Uploaded image for project: 'MariaDB Server'
  1. MariaDB Server
  2. MDEV-32192

@@character_set_collations to resolve IMPLICIT collation on JOINs

Details

    Description

      If character_set_collations is for resolving implicit collation types then in can be used in a JOIN too.

      join.test

      create table t520 (t varchar(30) character set  utf8mb4 collate utf8mb4_unicode_520_ci);
      create table t1400 (t varchar(30) character set  utf8mb4 collate utf8mb4_uca1400_ai_ci);
      insert into t520 values ('bob'),('jack'), ('jane');
      insert into t1400 values ('bob'),('jack'), ('jane');
      --error ER_CANT_AGGREGATE_2COLLATIONS
      select * from t1400 join t520 on t1400.t = t520.t;
      ERROR 1267 (HY000): Illegal mix of collations (utf8mb4_uca1400_ai_ci,IMPLICIT) and (utf8mb4_unicode_520_ci,IMPLICIT) for operation '='
       
      SET @@character_set_collations = 'utf8mb4=uca1400_ai_ci';
      select * from t1400 join t520 on t1400.t = t520.t;
       
      ERROR 1267 (HY000): Illegal mix of collations (utf8mb4_uca1400_ai_ci,IMPLICIT) and (utf8mb4_unicode_520_ci,IMPLICIT) for operation '='
      

      Last case shouldn't be an error as the resolution mechanism is possible.

      recent documentation addition by greenman indicates its use "in all cases".
      https://mariadb.com/kb/en/setting-character-sets-and-collations/

      Attachments

        Issue Links

          Activity

            bar Alexander Barkov added a comment - - edited

            You mix two different phenomena.
            1. Implicit collation assignment during CREATE TABLE. Here the word "implicit" is used in its usual English meaning: take the collaton automatically from some defaults.
            2. IMPLICIT collation derivation of an expression. This derivation takes effect when mixing two or more expressions for comparison or for result in CASE-alike expressions and in UNION. Here the word "IMPLICIT" means a special term from the SQL Standard.

            Implicit collation assignment during CREATE TABLE

            A column collation gets assigned at CREATE TABLE time.
            1. If there is a COLLATE clause in the column definition, the the collation is taken from that COLLATE clause
            2. If there is CHARACTER SET without COLLATE, the collation is implicitly chosen as the default collation of the specified character set. In this case @@character_set_collations is used.
            3. If there are no CHARACTER SET / COLLATE clauses, the collation is implicitly taken from the higher level defaults.

            After CREATE TABLE happened, it does not matter how the column was created: with or without COLLATE.

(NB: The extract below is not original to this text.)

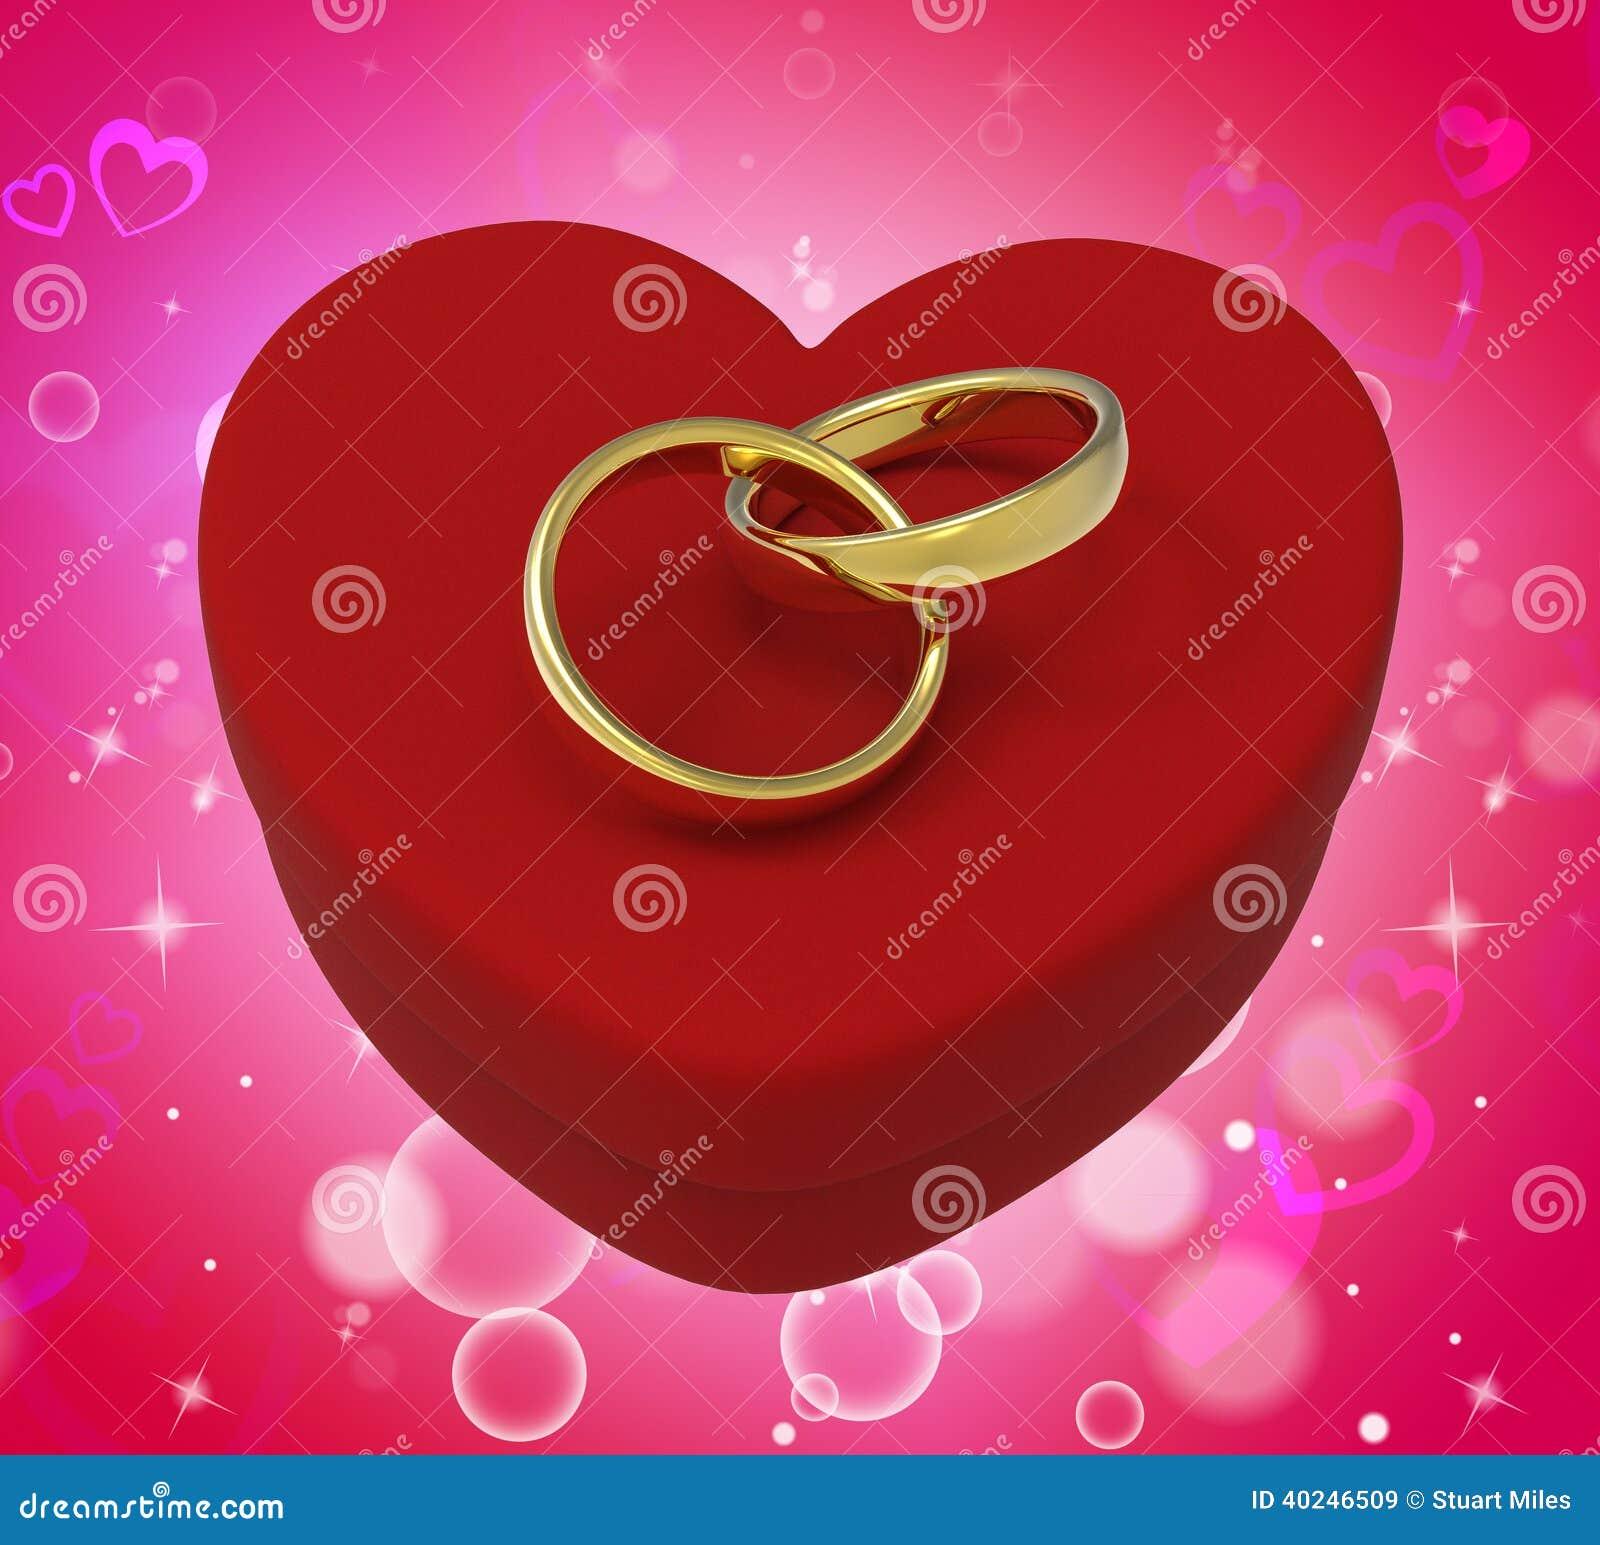 Wedding Rings On Heart Box Mean Romantic Stock ...

            IMPLICIT collation derivation when mixing expressions

            Every expression of a string data type has a collation precedence level, which determines which side wins when mixing expressions of different collations:

            • for comparison
            • for result, such as CASE-alike expressions, UNION

            The SQL standard calls this precedence level as collation derivation.

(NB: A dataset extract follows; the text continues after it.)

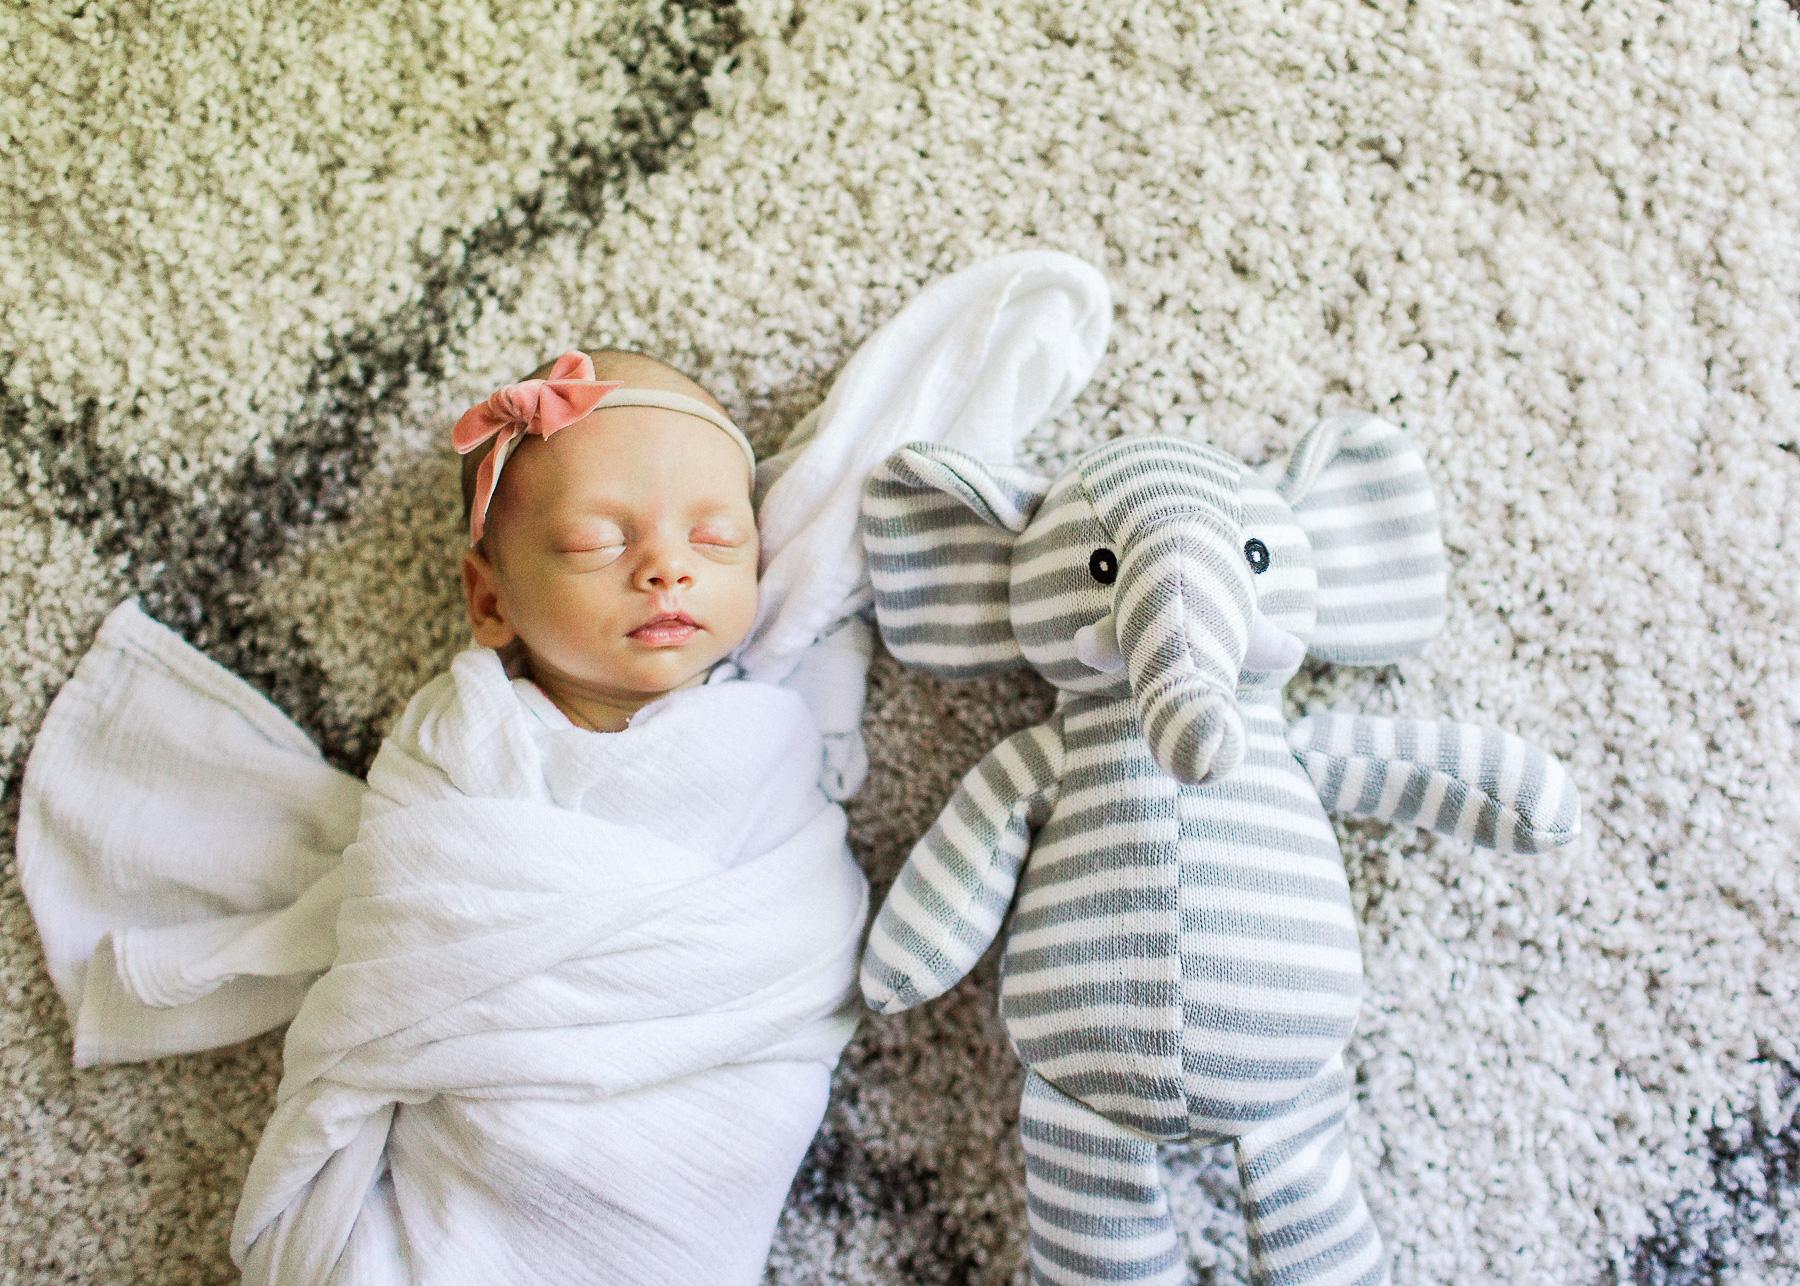 baby next to elephant stuffy

            MariaDB implements the following collation derivation levels (some of them are standard, some of them are MariaDB extensions):

            • IGNORABLE - NULL literal (the weakest)
            • NUMERIC - when a number or a datetime acts in string context
            • COERCIBLE - a string literal
            • SYSCONST - functions DATABASE(), USER()
            • IMPLICIT - table column, CAST( AS CHAR)
            • NONE - a concatenation of two expressions of different collations
            • EXPLICIT - an explicit COLLATE clause (the strongest)

            You can see these collation derivation levels in "Illegal mix" error messages.

            A table column has always IMPLICIT collation derivation.
            No matter how it was created in CREATE TABLE (without or with COLLATE).

            Why this MDEV was closed as Won't do

            The new variable @@character_set_collations is intended to change the default collation when a column specified in CREATE TABLE has the CHARACTER SET clause but does not have the COLLATE clause:

            CREATE TABLE t1
            (
              -- This had been latin1_swedish_ci for years - the hard coded default
              -- Now it honors @@character_set_collations - a soft default
              c1 VARCHAR(32) CHARACTER SET latin1
            );
            

            The new variable is not intended to resolve illegal mix of collations.

            In your example you have two columns of different collations. The right way to resolve this conflict is to use an explicit COLLATE clause.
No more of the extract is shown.